How Vogue Special-Events Planner Sylvana Soto-Ward Prepares for Monday’s Costume Institute Gala
On the night of Monday, May 3, a red carpet will cover the stairs leading up to the Metropolitan Museum, serving as the entryway for guests of what is considered the city's most fashionable event of the year:
Vogue's annual Costume Institute Gala, also known as the Oscars of the East Coast. Behind the planning this year for the first time is 28-year-old Sylvana Soto-Ward, who was promoted from accessories editor at
Vogue to special-events planner in July. She has a model's height and figure, and smooth, highlighted brown hair parted down the middle. Teetering in her four-inch gray suede
Miu Miu heels just six days before the event at a run-through in the museum, she shows no signs of freaking out. She's only been working on this event for ten months. "I'm shocked the planning started so early, but it does. It takes almost a year. You get two months off and then right back at it," she said.

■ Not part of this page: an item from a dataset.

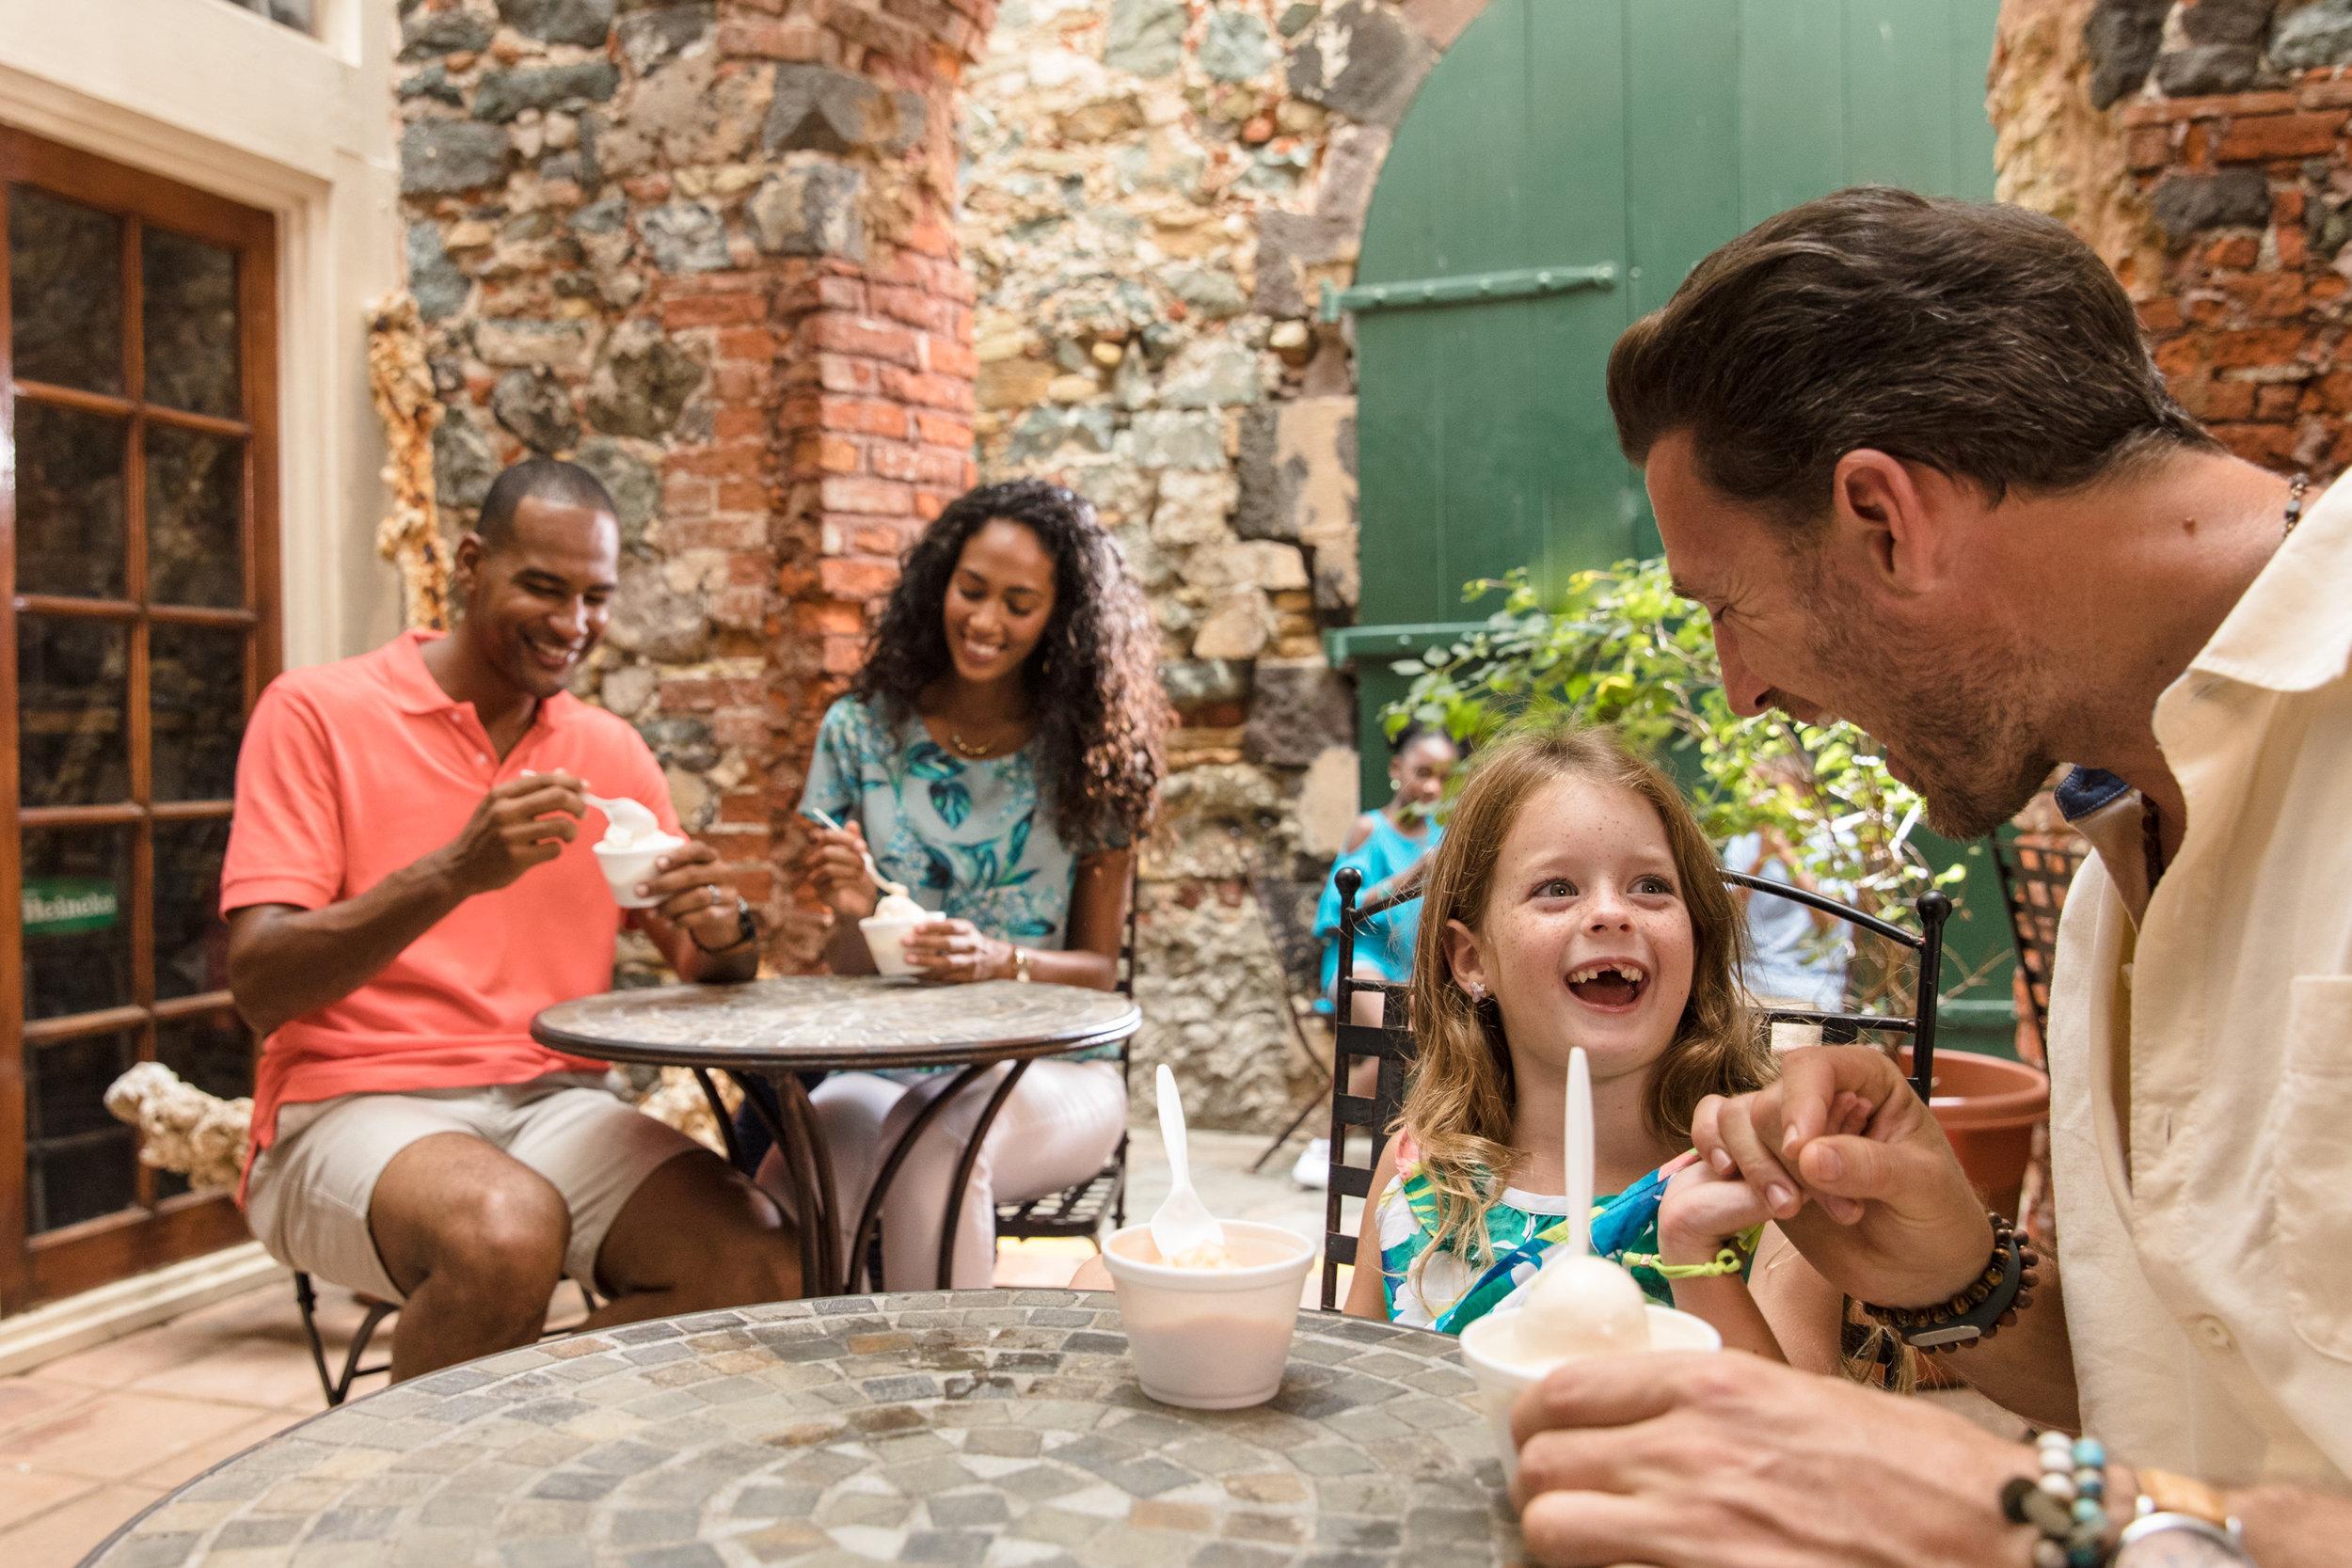 chris-sista-lifestyle-families-0026.jpg

Each year a fashion label sponsors the ball. Last year it was
Marc Jacobs, and the year before
Giorgio Armani. But this year it's the Gap. "I think the Gap is perfect for the theme," Soto-Ward says, referring to Costume Institute's new exhibit (what the Gala is meant to inaugurate) devoted to the fashion of American women from 1890 to 1940. "Yes, it's been sort of these high-fashion companies, but particularly in this economy and in this world right now where it's not all about high fashion but it's about the mix and about high-low, you know? It's certainly something we're trying to portray in the magazine and everything else we do," she says. "I think Anna [Wintour] was really looking for support within the industry this year, and sort of saying this downturn is over and we need to show that we're back in full force, and this is sort of the event for the industry." Soto-Ward has been at the museum since seven this morning with her decorator Raul Avilla, and has a Met security badge clipped to her Theory blazer. The lobby of the museum will be lined on either side with a semicircle of around ten "waiters," as Soto-Ward describes them, dressed in cadet-inspire outfits by the Gap. "They're not going to be serving anything, they're meant — the whole reason is so the guests don't go either direction, but also just, you know, as a cool element. Just to see the cool Gap uniforms."
Vogue editor Anna Wintour is heavily involved in all stages of the planning. "She's the visionary. I mean everything sort of — the Gala certainly — comes from her brain And from there we're just sort of here to execute and obviously deal — deal!" Soto-Ward explains. At this point, "I'm in her office about 25 times a day." Wintour likes to see things like the waiter uniforms in advance, even if she has no changes. She also signs off on the dresses the Gap is creating for attendees in collaboration with four young designers:
Alexander Wang,
Sophie Theallet,
Thakoon, and
Rodarte. (The dresses will be auctioned the day after the Gala to benefit the Costume Institute.)
This year around 600 people will attend — a slightly smaller crowd than last year's roughly 620. "Sometimes things can get too big, and Anna really likes everyone at the party to feel comfortable, like they're having dinner with friends," Soto-Ward explains. She hopes that she's been able to draw a "younger crowd," but quickly hesitates on her phrasing. "I just mean sort of a variation of guests. So not just the regulars but maybe some new names this year and up-and-comers," she says. "There's a lot of representation from the music industry." That includes Lady Gaga, who will attend as Prada's guest.
The number of tables "changes daily, but anywhere between 62 and 66." Though she's memorized the seating chart — designed to align friends and people who don't know each other but who Wintour thinks would like each other — that also changes daily. As 3 p.m. approaches she has to rush back to the office for another seating-chart meeting with Wintour. She'll hopefully go to bed by midnight, and be back at the museum the next day at 8 a.m. to show 50
Vogue staffers what their jobs will be at the Gala. Their duties mostly consist of ushering guests around. "They're not doing any heavy lifting in their heels," Soto-Ward adds.
Though she has been checking every last detail obsessively, there's one thing she won't follow up on. "The rain," she says. "I'm literally not checking the weather, so no one tell me."